* _Task to complete_: With the pictures excluded, reproduce all of the data exactly.

Stored items
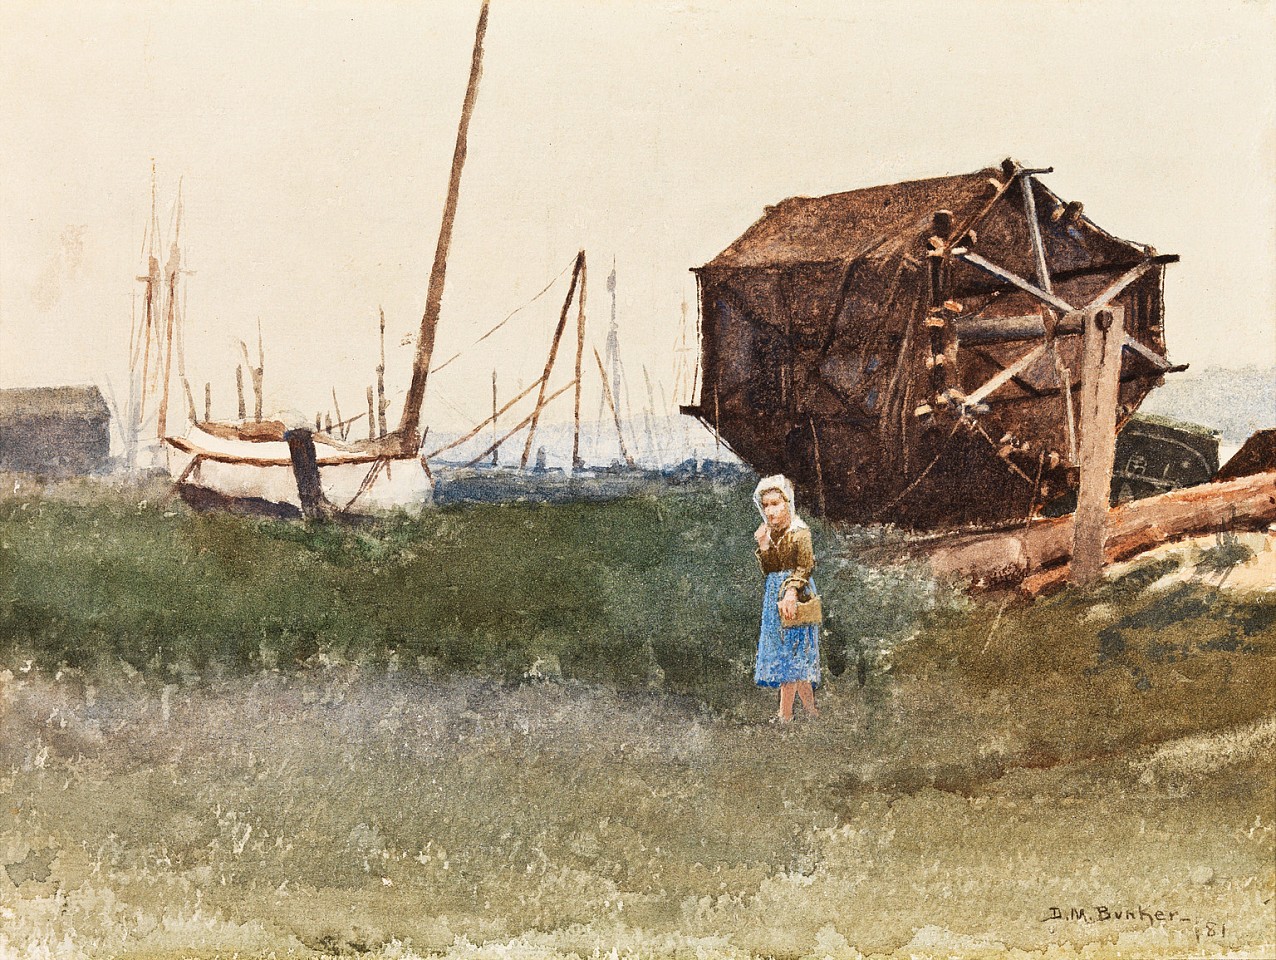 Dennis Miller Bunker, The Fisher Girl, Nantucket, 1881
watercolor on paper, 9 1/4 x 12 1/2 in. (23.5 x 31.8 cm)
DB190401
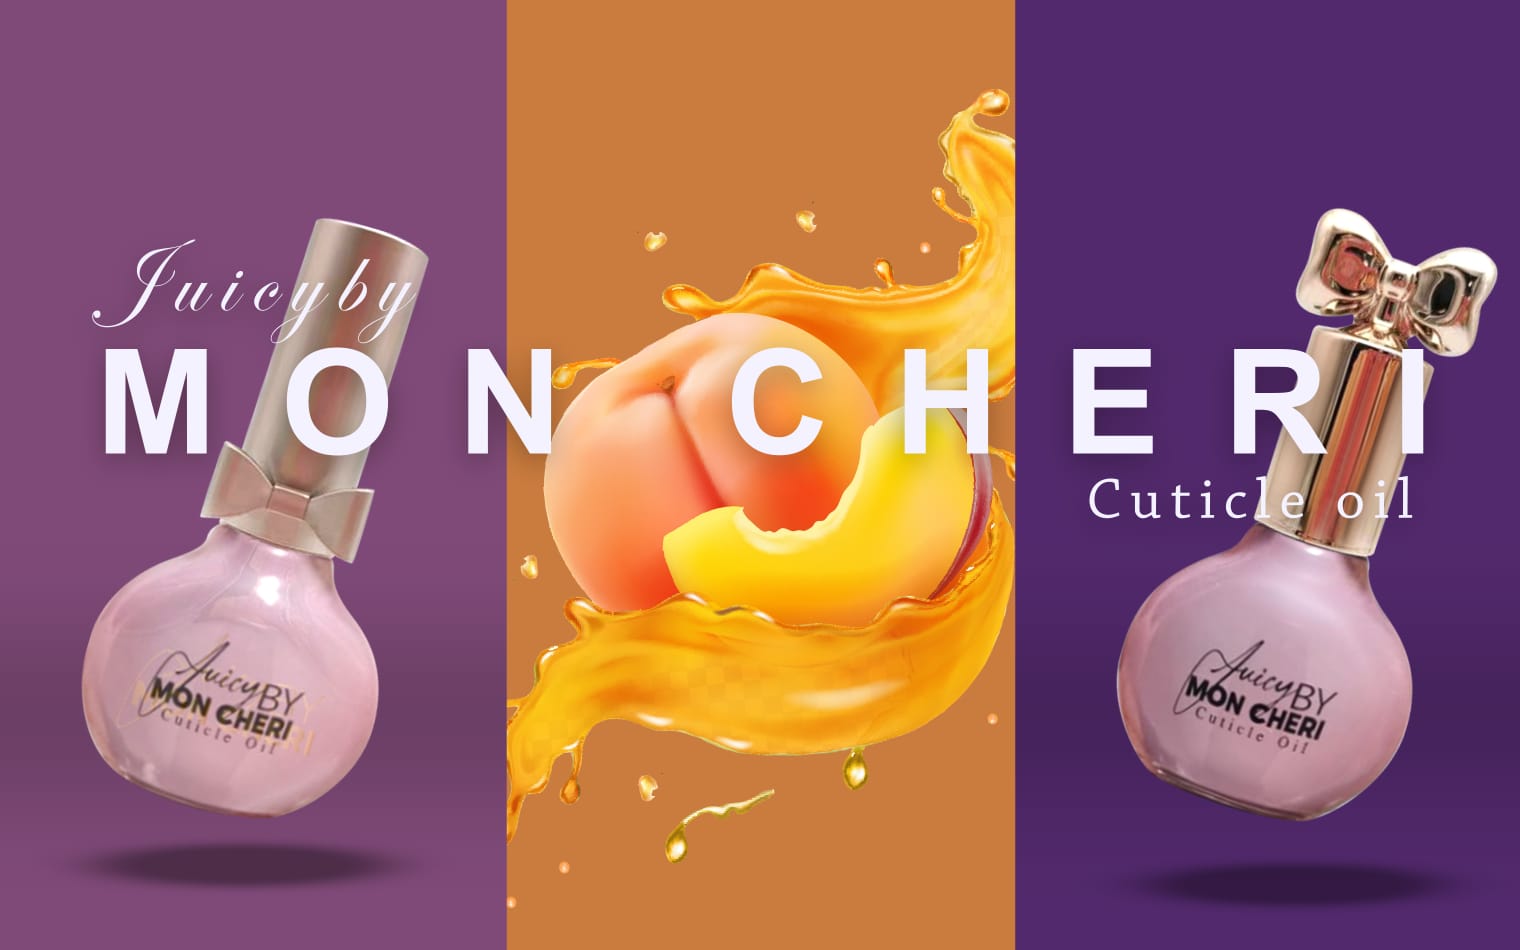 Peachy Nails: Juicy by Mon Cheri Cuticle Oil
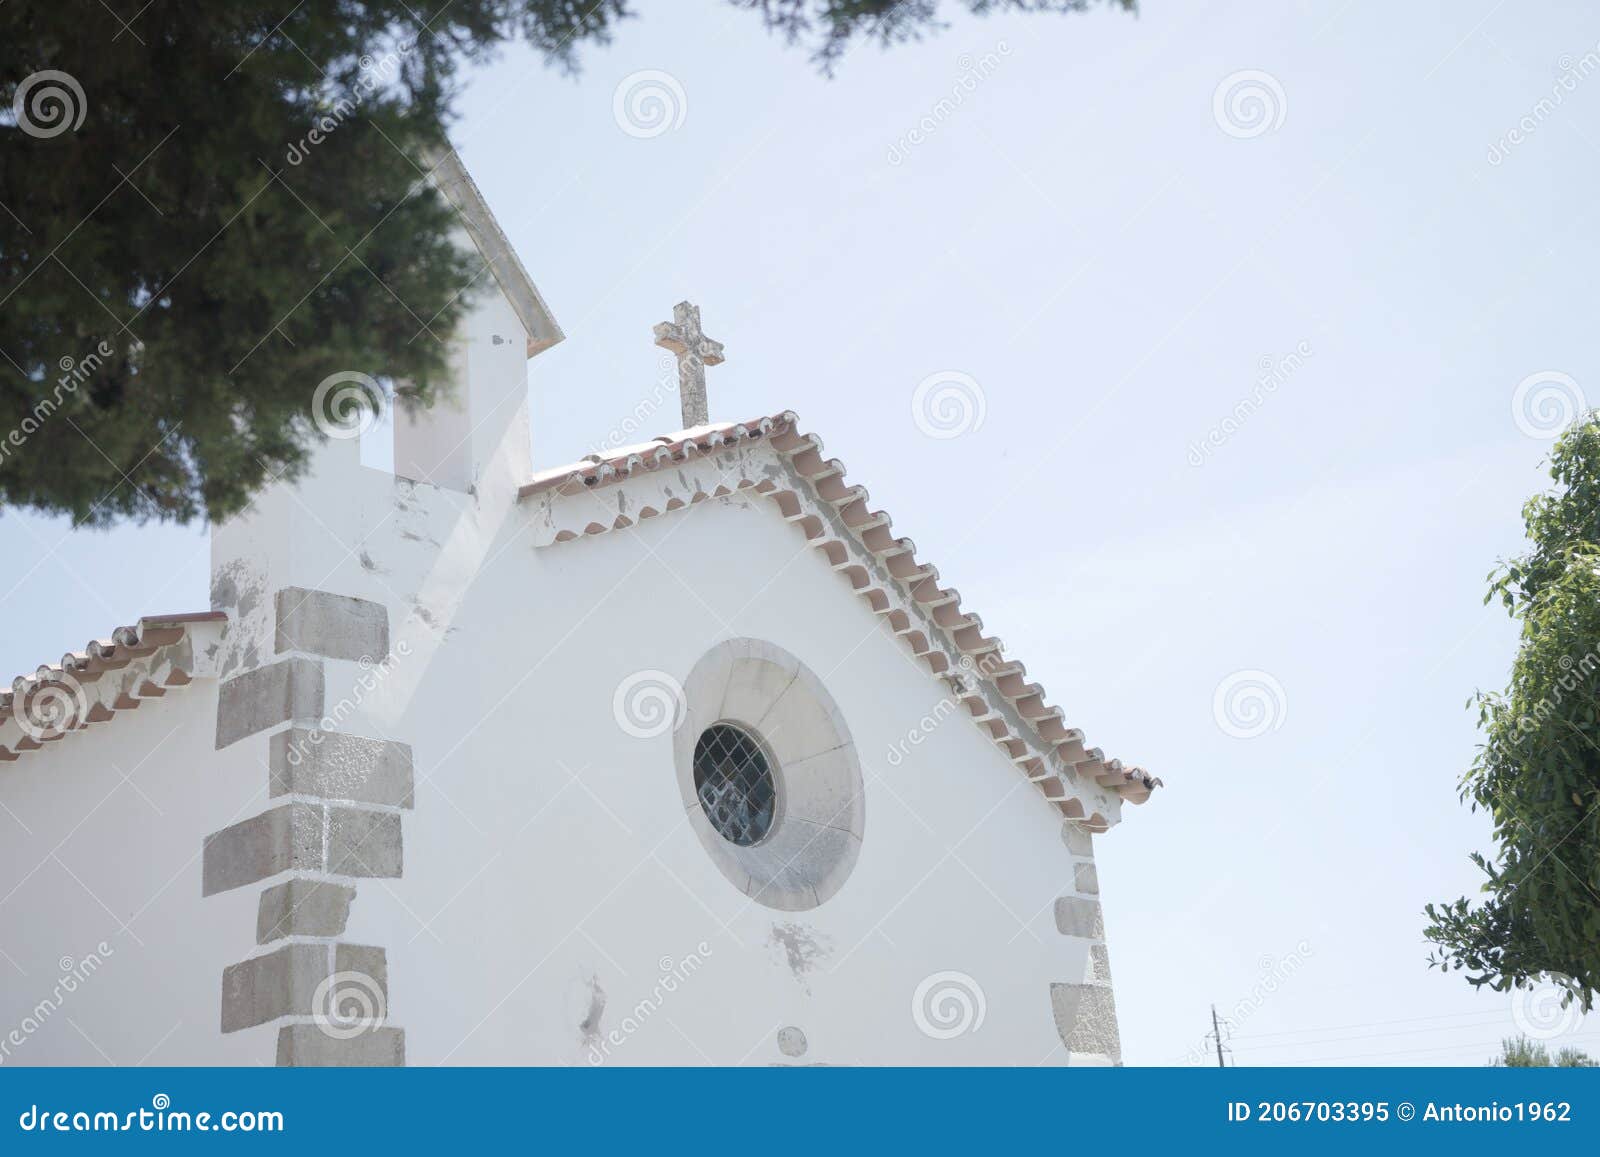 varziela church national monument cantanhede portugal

* _Expected output_:
 Dennis Miller Bunker, The Fisher Girl, Nantucket, 1881
watercolor on paper, 9 1/4 x 12 1/2 in. (23.5 x 31.8 cm)
DB190401
 Peachy Nails: Juicy by Mon Cheri Cuticle Oil
 varziela church national monument cantanhede portugal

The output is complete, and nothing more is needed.